Magnetism and topology in Tb-based icosahedral quasicrystal

TL;DR

This paper provides a microscopic analysis of the crystal electric field in Tb-based quasicrystals, revealing how magnetic anisotropy leads to unique magnetic textures and topological states, and how these can be controlled via composition.

Contribution

It introduces a detailed microscopic model for magnetic and topological properties in Tb-based quasicrystals, highlighting the role of crystal electric field effects.

Findings

Magnetic anisotropy from CEF stabilizes hedgehog magnetic order.

Large topological charge in whirling-moment states.

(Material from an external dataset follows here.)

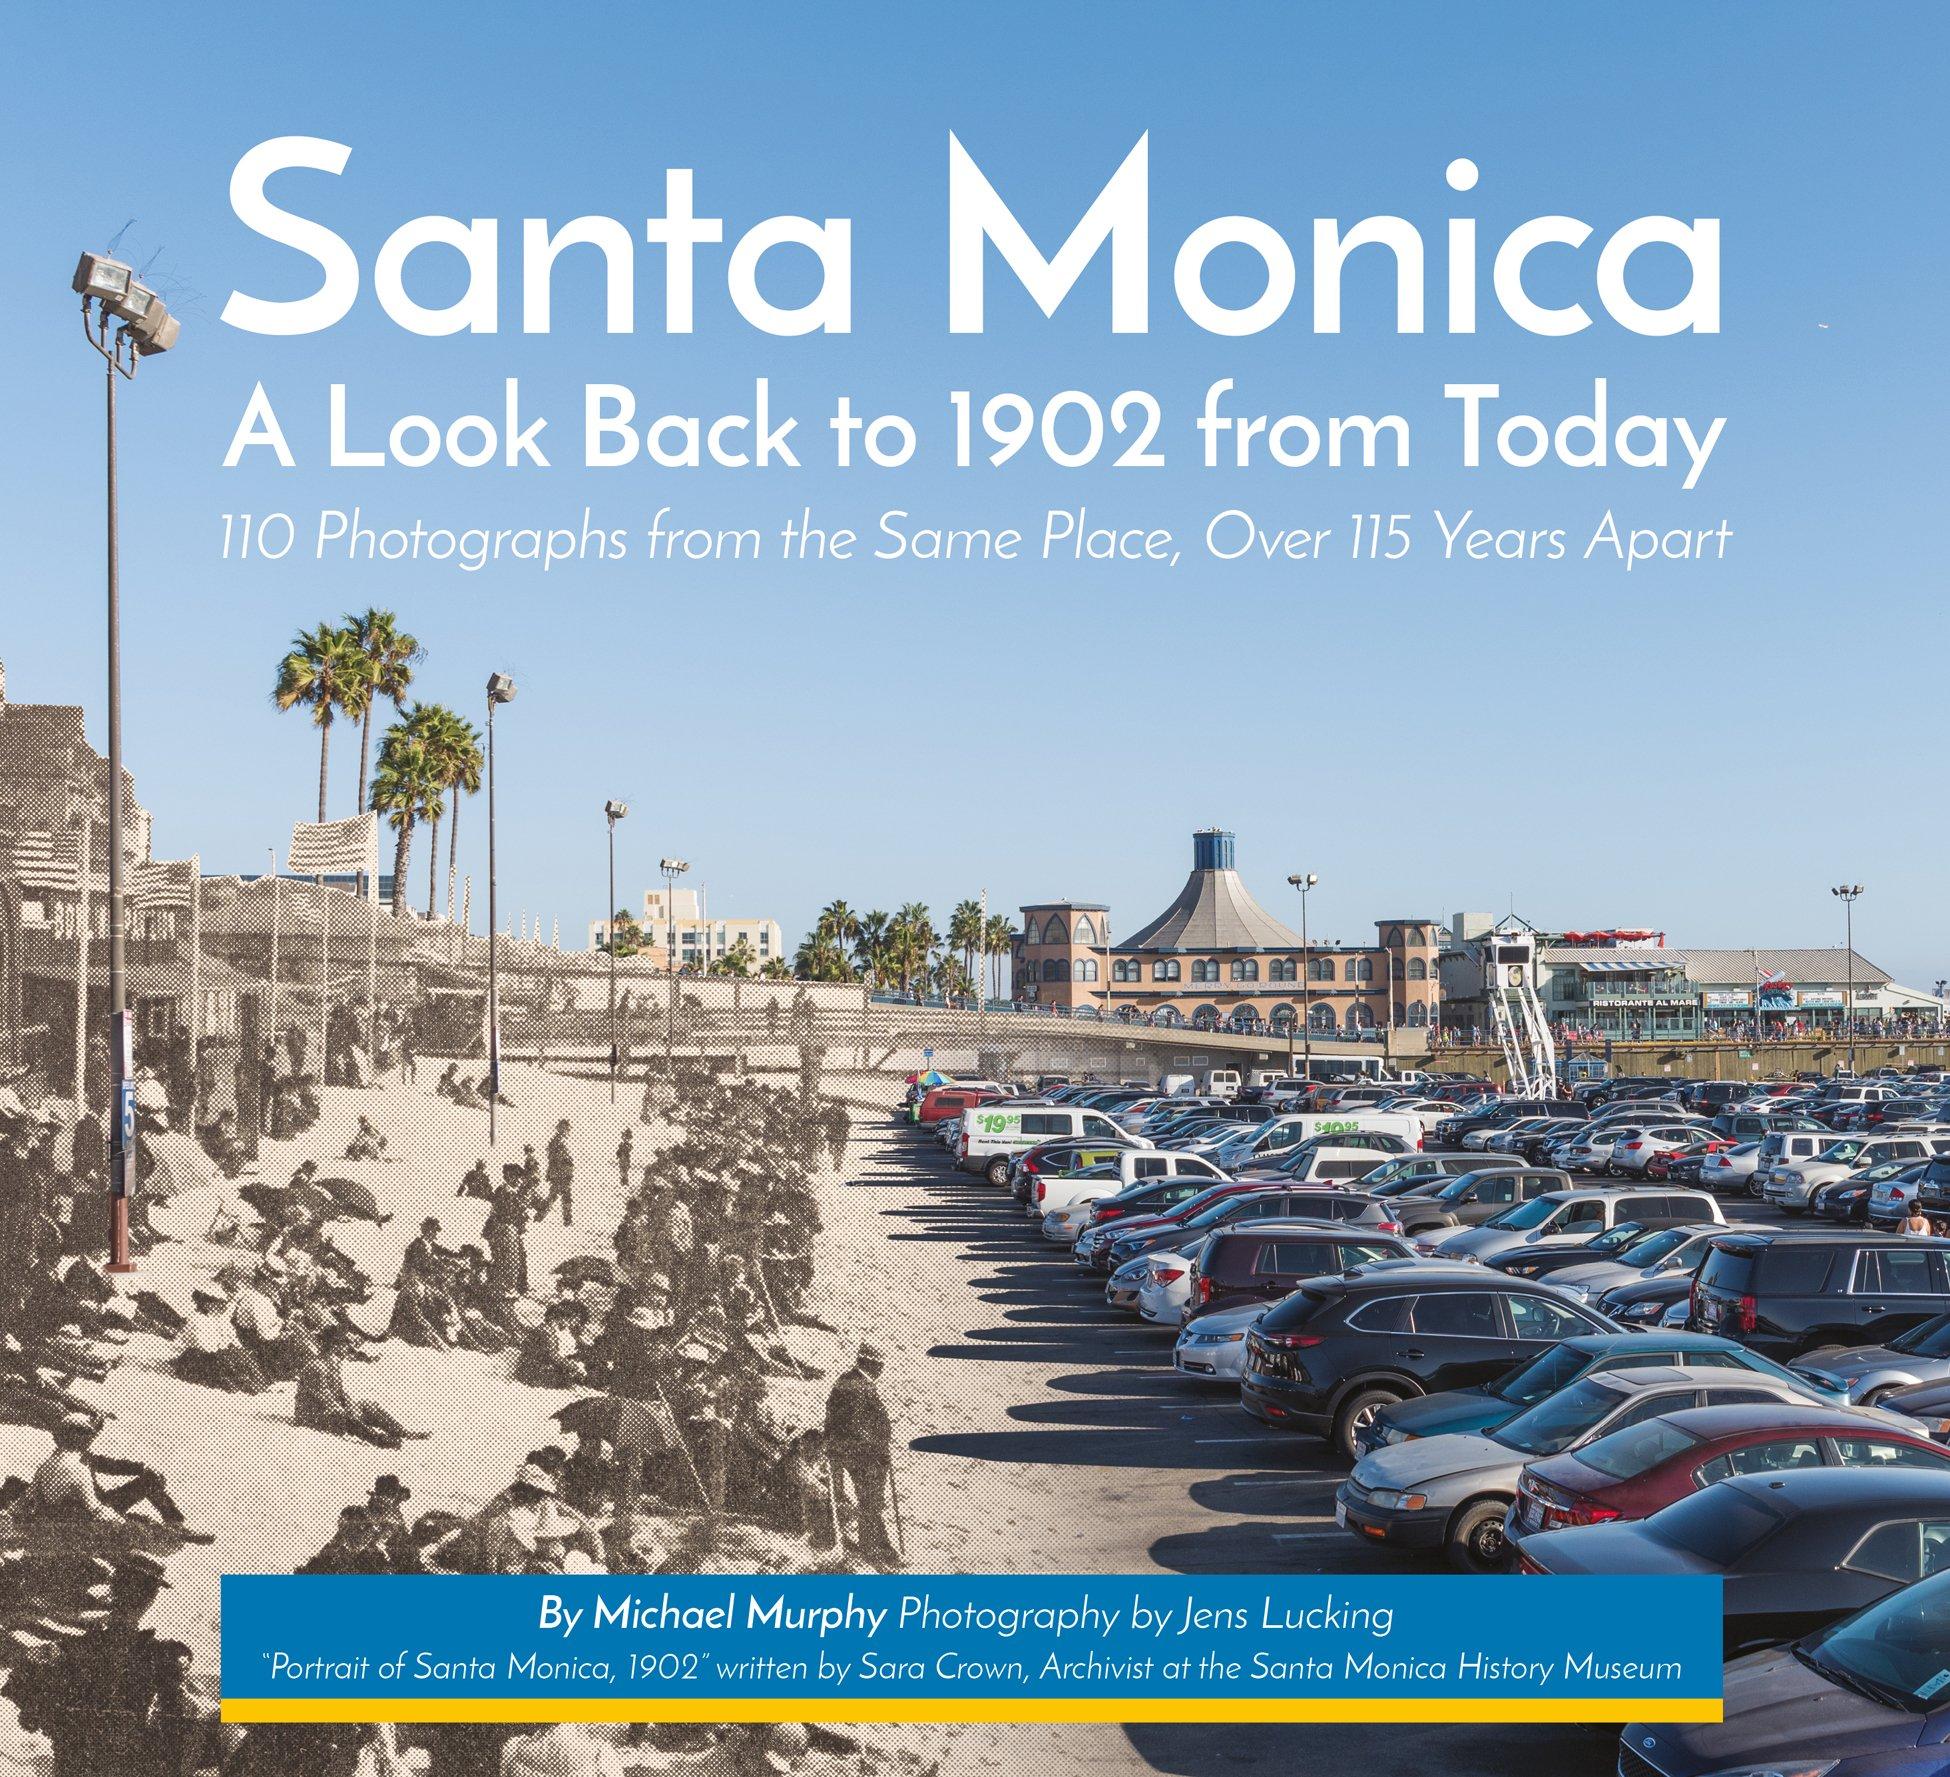 SantaMonica1902-book-cvr.jpg

Magnetic textures can be controlled by composition changes.

Abstract

Quasicrystal (QC) possesses a unique lattice structure with rotational symmetry forbidden in conventional crystals. The electric property is far from complete understanding and it has been a long-standing issue whether the magnetic long-range order is realized in the QC. The main difficulty was lack of microscopic theory to analyze the effect of the crystalline electric field (CEF) at the rare-earth atom in QCs. Here we show the full microscopic analysis of the CEF in Tb-based QCs. We find that magnetic anisotropy arising from the CEF plays a key role in realizing unique magnetic textures on the icosahedron whose vertices Tb atoms are located at. Our analysis suggests that the long-range order of the hedgehog characterized by the topological charge of one is stabilized in the Tb-based QC. We also find that the whirling-moment state is characterized by unusually large topological charge of three. The magnetic textures as well as the topological states are shown to be switched by controlling compositions of the non-rare-earth elements in the ternary compounds. Our model is useful to understand the magnetism as well as the topological property in the rare-earth-based QCs and approximant crystals.